*Task to carry out*: For this exercise, copy all the data exactly and include none of the pictures.

*Source data*:
○ ○ ○ ○ ○

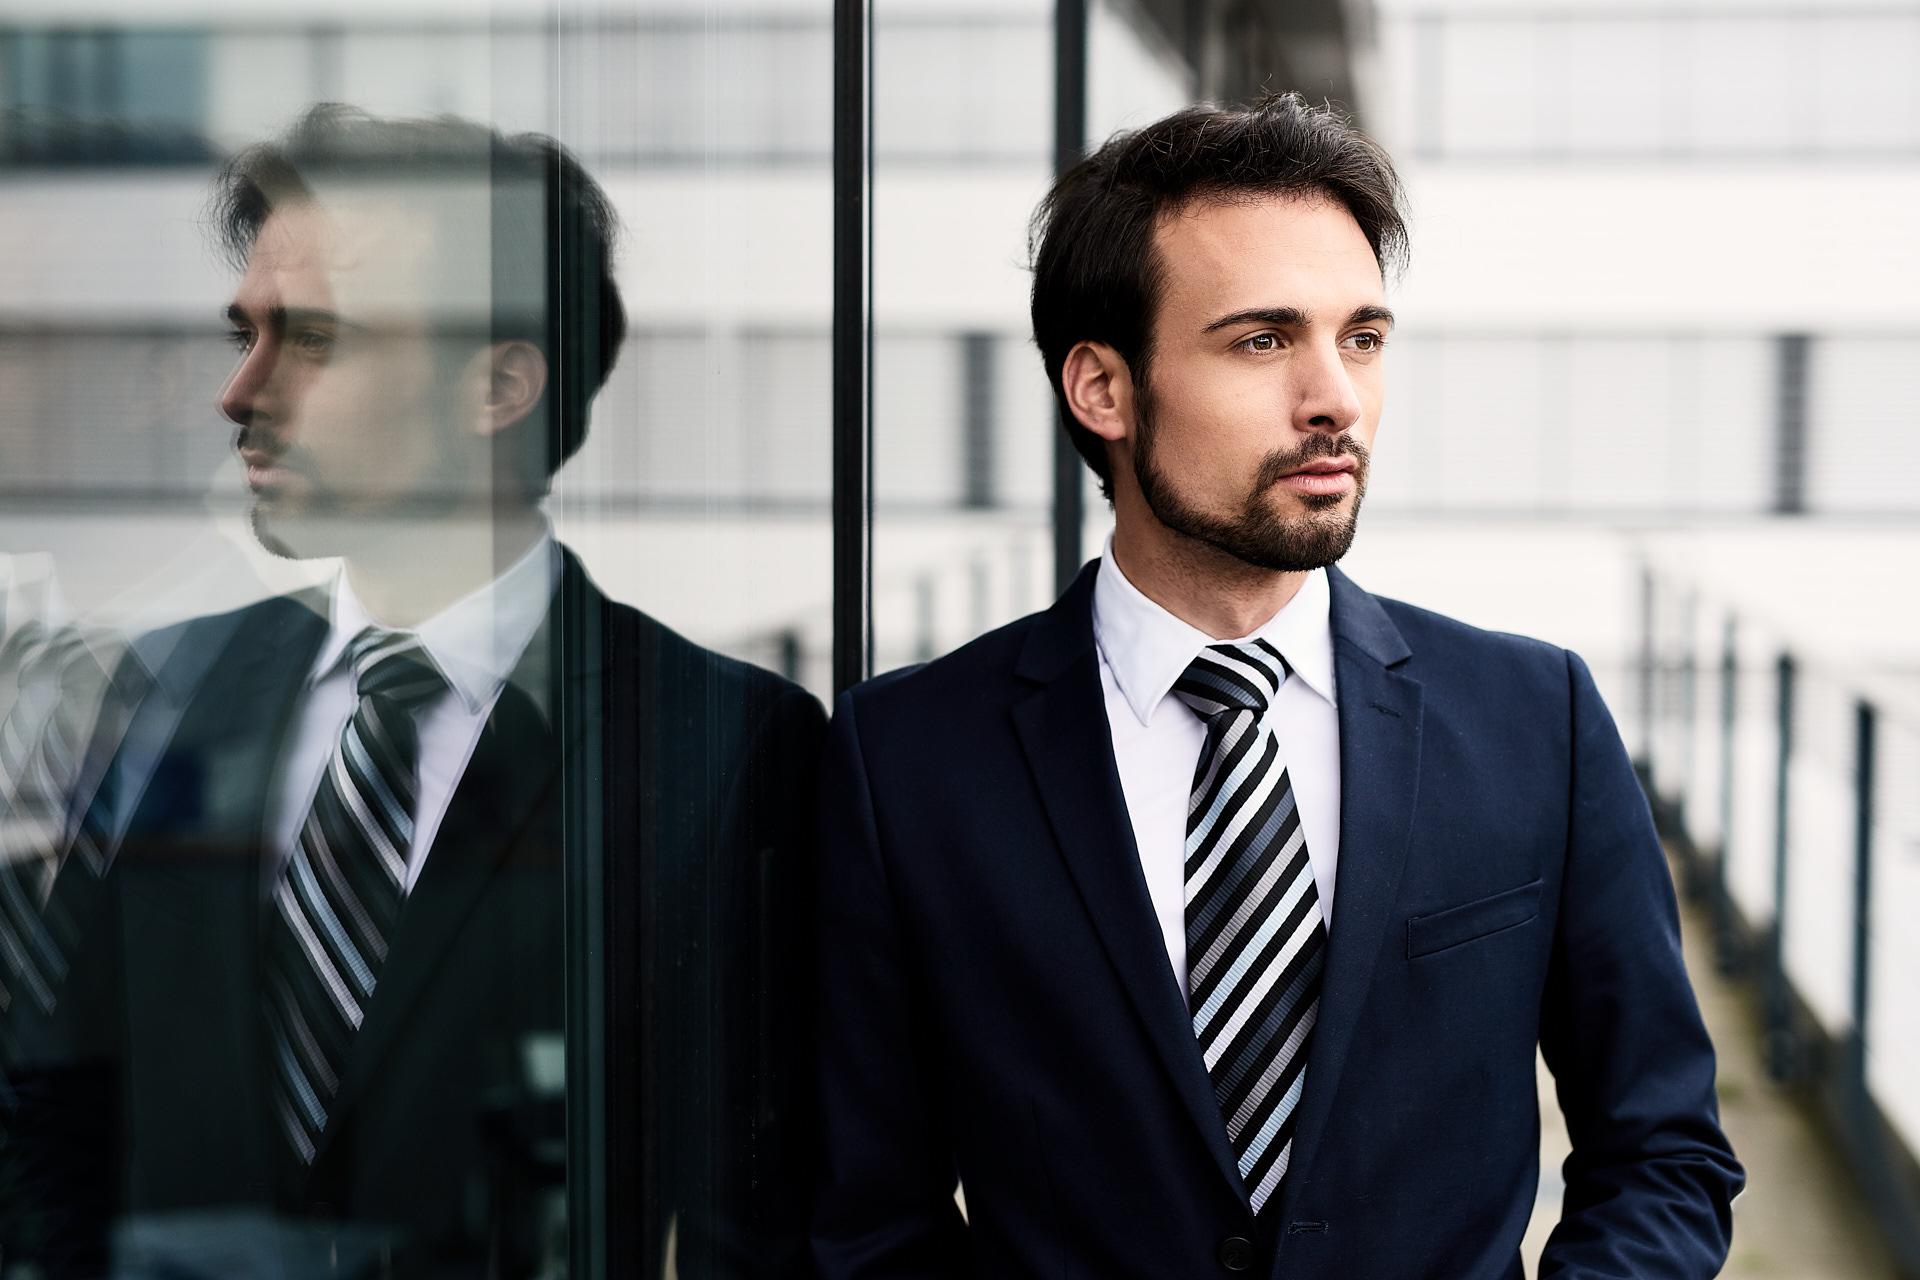 Business Portrait Markus01 by JHofer-Foto Juergen Hofer
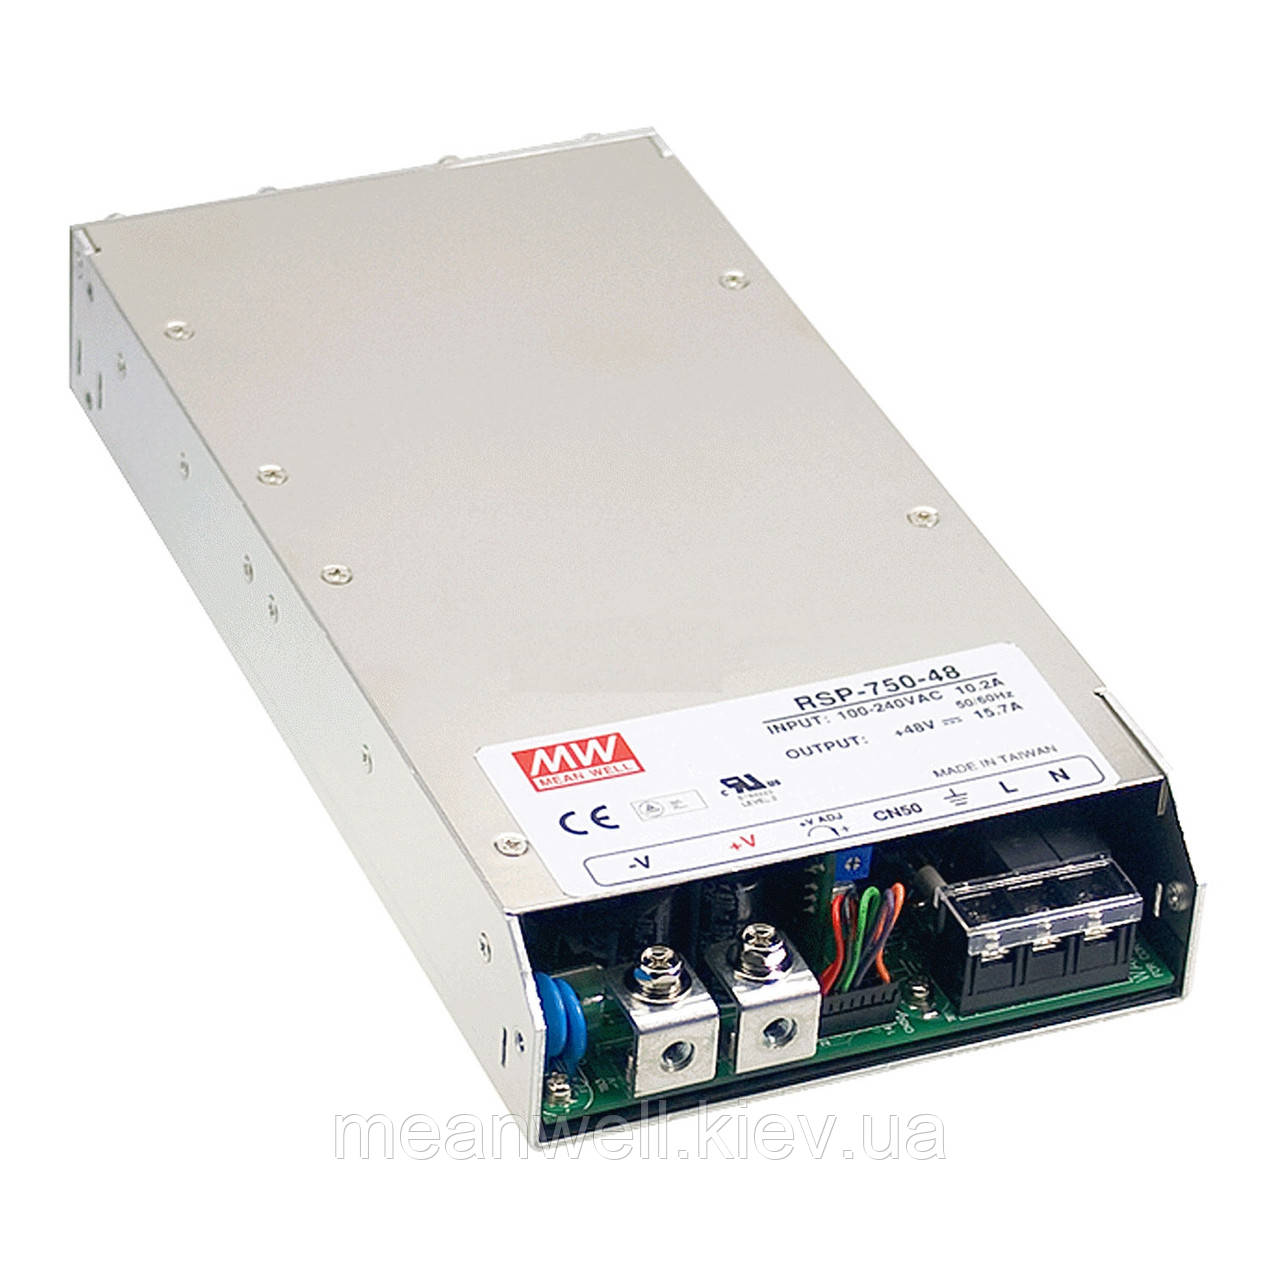 RSP-750-12 Блок питания Mean well 750 вт, 62,5А, 12в
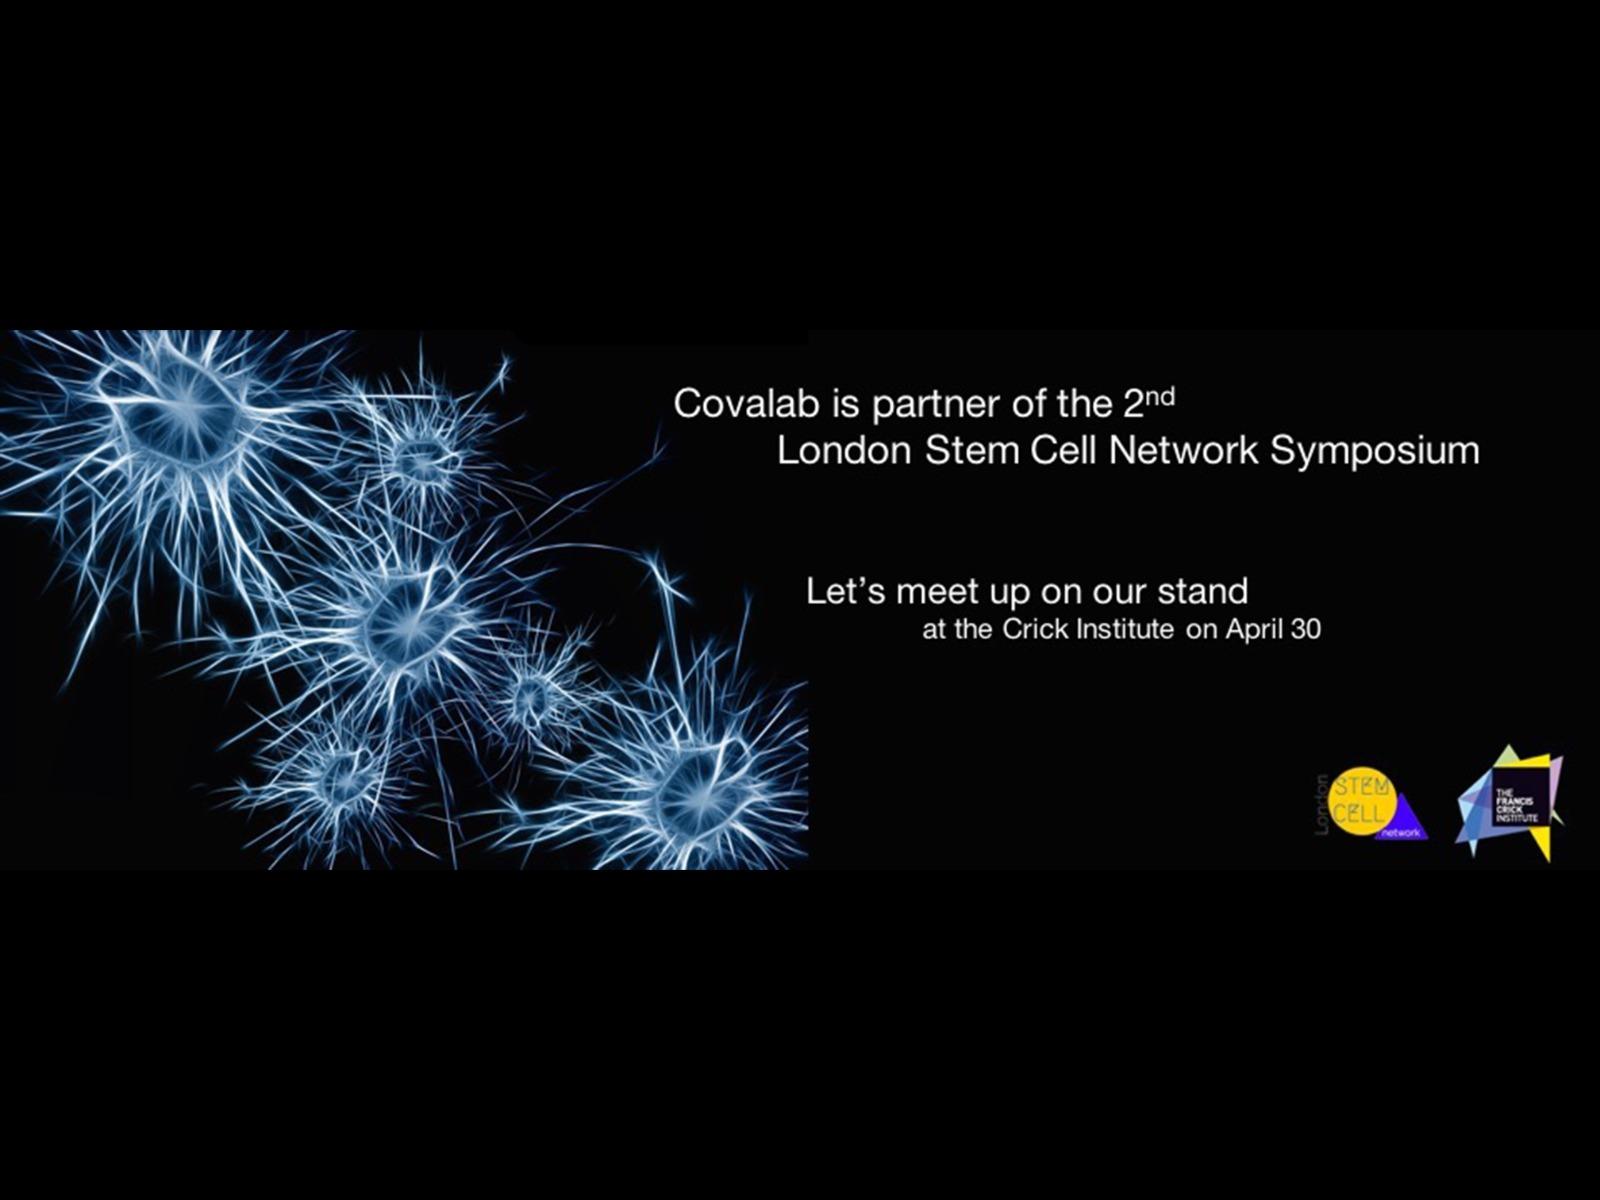 London stem cell network symposium

○ ○ ○ ○ ○

*Reply to the exercise*:
 Business Portrait Markus01 by JHofer-Foto Juergen Hofer
 RSP-750-12 Блок питания Mean well 750 вт, 62,5А, 12в
 London stem cell network symposium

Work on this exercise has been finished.